The two Western Balkan countries received a crushing blow in October 2019, when French President Emmanuel Macron vetoed the start of accession negotiations and talked of the need to make changes to the accession process — words that caused consternation not just in the two countries immediately concerned but across all the accession candidates of the Western Balkan region.
This raised fears of an imminent backsliding in the reform process, if countries from the region could no longer count on closer integration with the EU as a reward for reforms in areas such as rule of law, democracy and fighting corruption.
The government in Skopje took the radical step of changing the country’s name to “North Macedonia”, thereby resolving a decades-long dispute with EU member Greece that had previously prevented it from progressing towards membership. In Albania, the government has pursued politically difficult judicial reforms as well as clamping down on cannabis cultivation.
Despite meeting the criteria to start accession talks, officials from the two countries came away from the October EU summit without a date to start such discussions, which has already led to the resignation of North Macedonia’s prime minister Zoran Zaev and his cabinet’s replacement with an interim government pending early elections this spring.
Speaking as the EU’s newest member, Croatia — a staunch advocate of enlargement in the region — takes over the EU Council presidency for the first time, von der Leyen said she would propose changes soon, and stressed that Brussels must deliver on its promises to the two candidate countries.
“We will be working on the methodology and put forward for the enlargement process the proposal for the methodology early this year just to reflect how we can improve the accession process,” said von der Leyen.
“But I am deeply convinced that this should not keep us from taking on the accession talks with North Macedonia and Albania. We asked them to do a lot, they fulfilled the criteria, so now we do have to deliver and to keep our promises.”
“[T]he next months will of course be particularly crucial for our relationship with the Balkans … We know that we can count on Croatia and that we have a very strong supporter on our side!” she added.
The new President of the European Council Charles Michel said on January 9 that both he and Croatian Prime Minister Andrej Plenkovic would be "together very committed to develop a stronger political preparation in order to be able to make the clarity and to give, I hope, a clear signal. It means [that I hope] it will be possible to make progress on the modernisation of the enlargement process and to see how is it possible to give the clarity for the different countries."
Plenkovic met Macron on January 7, saying that the meeting had been “extremely useful”, a Croatian government statement said.
Commenting on the enlargement process, Plenkovic said that he and Macron had discussed a change of methodology.
“The European Commission is expected to propose changes to the accession process already this month and release an additional report on North Macedonia and Albania in February,” said the government statement.
"We want such an atmosphere to be created before the Zagreb summit that the countries that had reservations could agree to continuing the enlargement process. That was the gist of our discussion on this topic," Plenkovic said.
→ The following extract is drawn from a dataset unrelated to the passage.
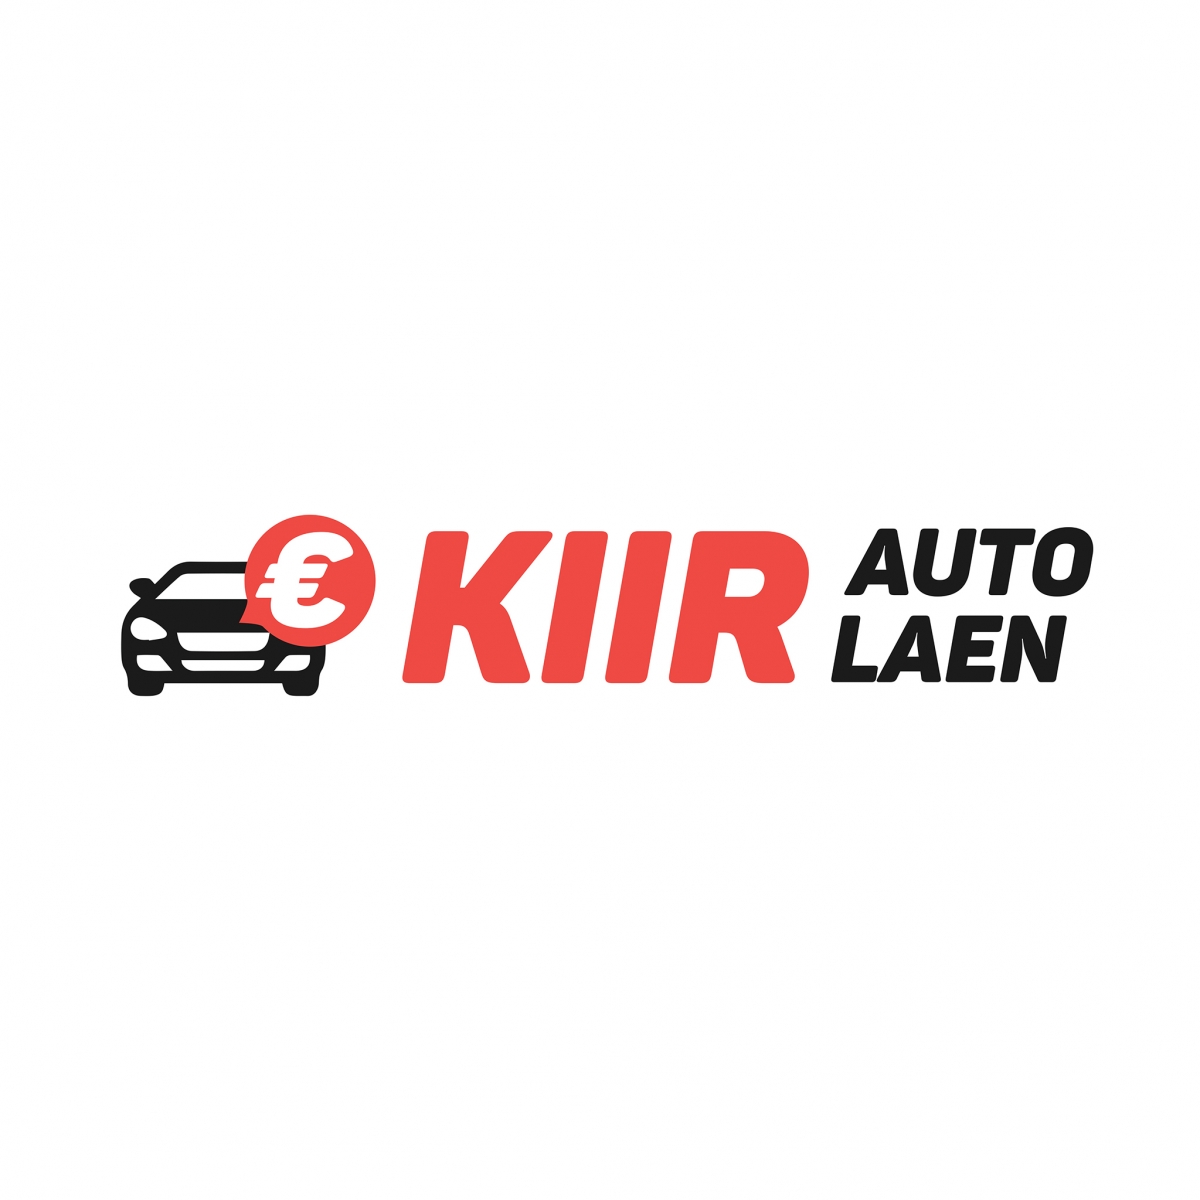 kiirautolaen-logo-5000x5000px

A report by think-tank the European Council on Foreign Relations (ECFR) warns of the importance of the prospect of EU membership in encouraging countries from the Western Balkans — divided by war in the 1990s — to settle their differences.
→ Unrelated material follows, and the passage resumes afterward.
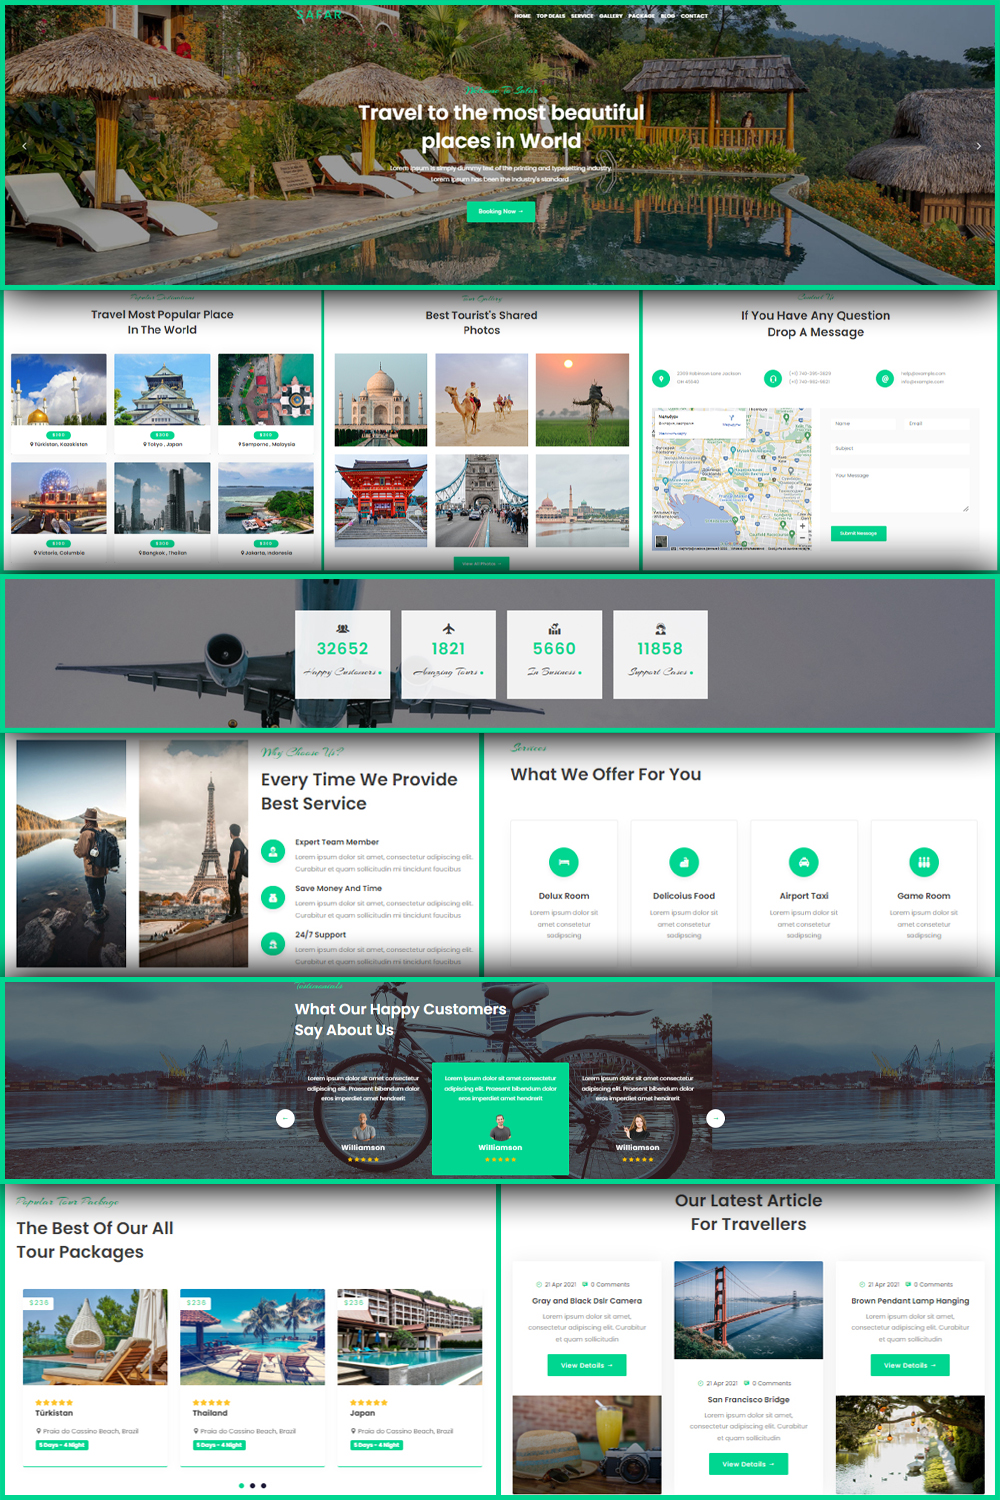 Safar - Tour And Travel Agency WordPress Theme - Pinterest.

This was highlighted in recent weeks by the dispute between Serbia and Montenegro — the two frontrunners in the accession process — over the controversial new church law adopted in Montenegro. The law led to mass protests and punch-ups in both countries’ parliaments.
“Should the EU’s influence wane, nationalist leaders will exacerbate tensions with neighbouring countries. The future of North Macedonia’s Prespa Agreement with Greece is under threat, and the Serbian Orthodox Church in Kosovo and Montenegro could also prove a potential flashpoint,” said Beata Huszka, a visiting fellow at the ECFR, in a policy brief.